Monday, October 04, 2010 (Bloomberg) – Oil may rise to the second-highest annual level on record next year on demand from China, India and Brazil, upsetting OPEC and threatening the nascent recovery in developed countries.
West Texas Intermediate crude, the U.S. benchmark grade, will average $85 in 2011, compared with $77.70 this year, according to the median of 23 analyst forecasts in a Bloomberg News survey, the highest price for any year except for $99.75 in 2008. Goldman Sachs Group Inc., which correctly predicted a year ago that oil would reach $85 a barrel by the end of 2009, said oil’s mean price will be $100 next year.
While China, India and Brazil need fuel to feed their growing economies, members of the Organization of Petroleum Exporting Countries say higher prices aren’t in the group’s interest and threaten the recovery. The International Monetary Fund’s No. 2 official, John Lipsky, said last week that the global economy’s “sluggishness will persist into 2011.”

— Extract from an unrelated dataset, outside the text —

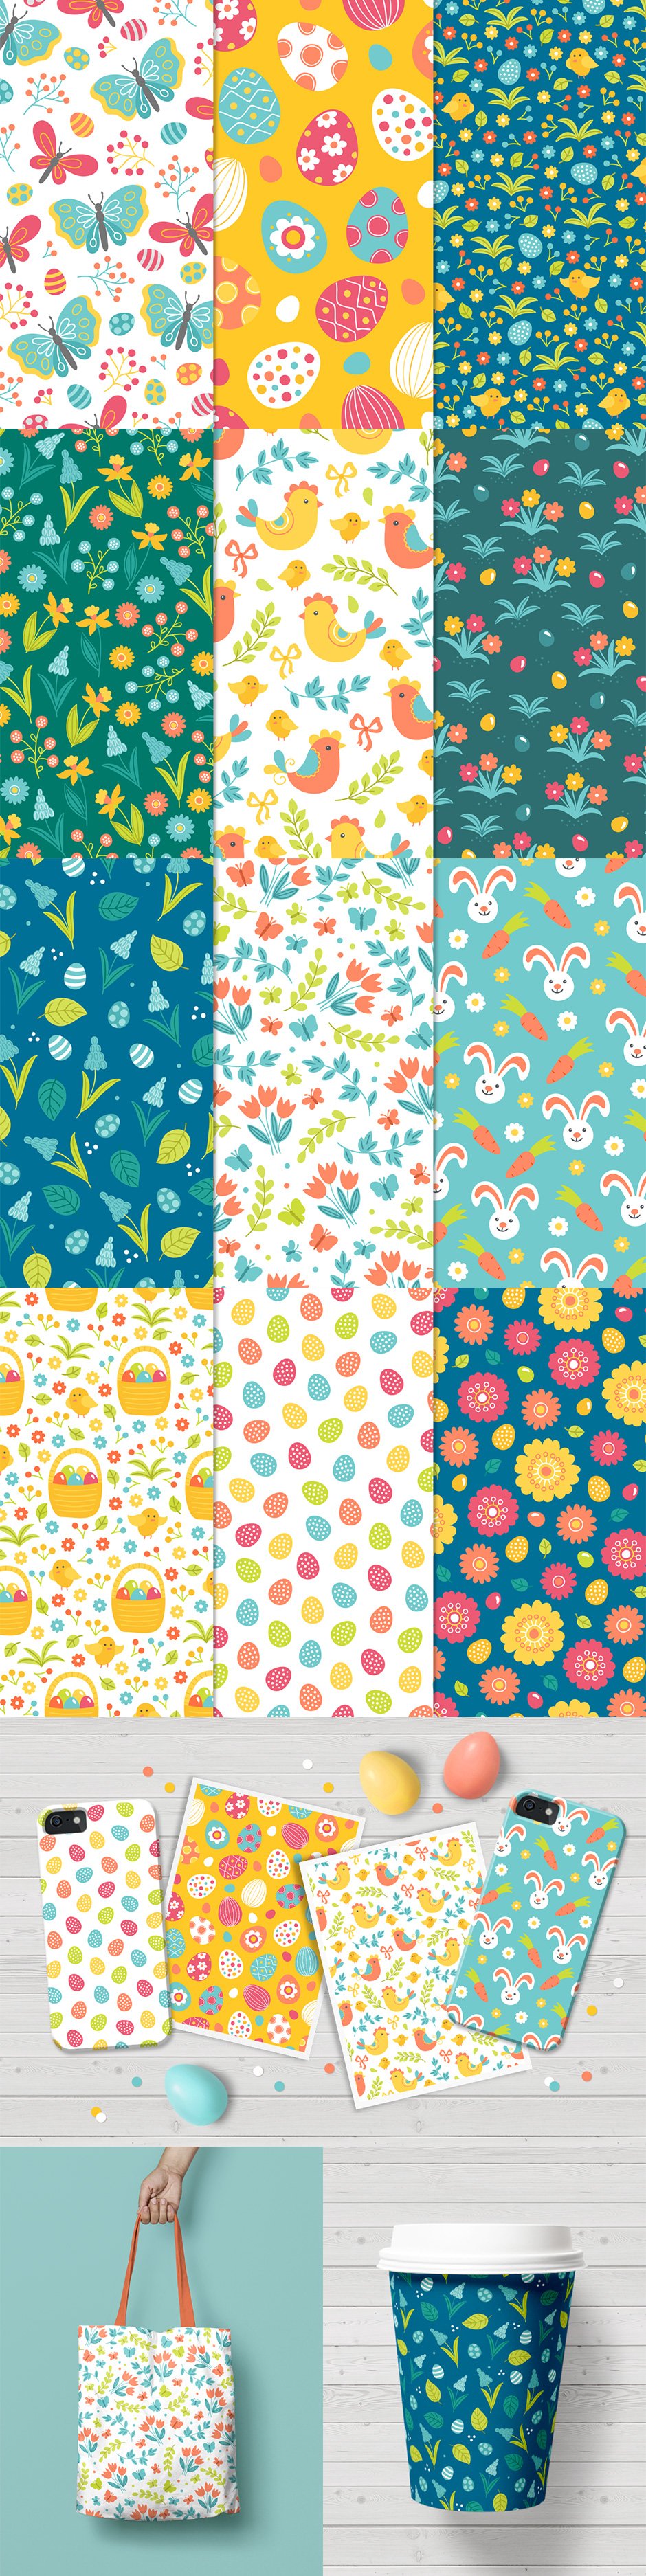 12 Seamless Easter Patterns

“High oil prices have acted as the equivalent of a tax on consumers,” said Peter Beutel, president Cameron Hanover Inc., a trading-advisory company in New Canaan, Connecticut, who has followed the oil market for 30 years. “These artificially high prices lead to a lack of unity and cooperation among OPEC members.”
Dr. Pinna says:
The rise in the cost of energy will hurt those countries who are suffering in this depression. The U.S., in particular, with its huge cars and suburban life style, will lose the ability to pay workers and buy goods as its money goes to purchase energy.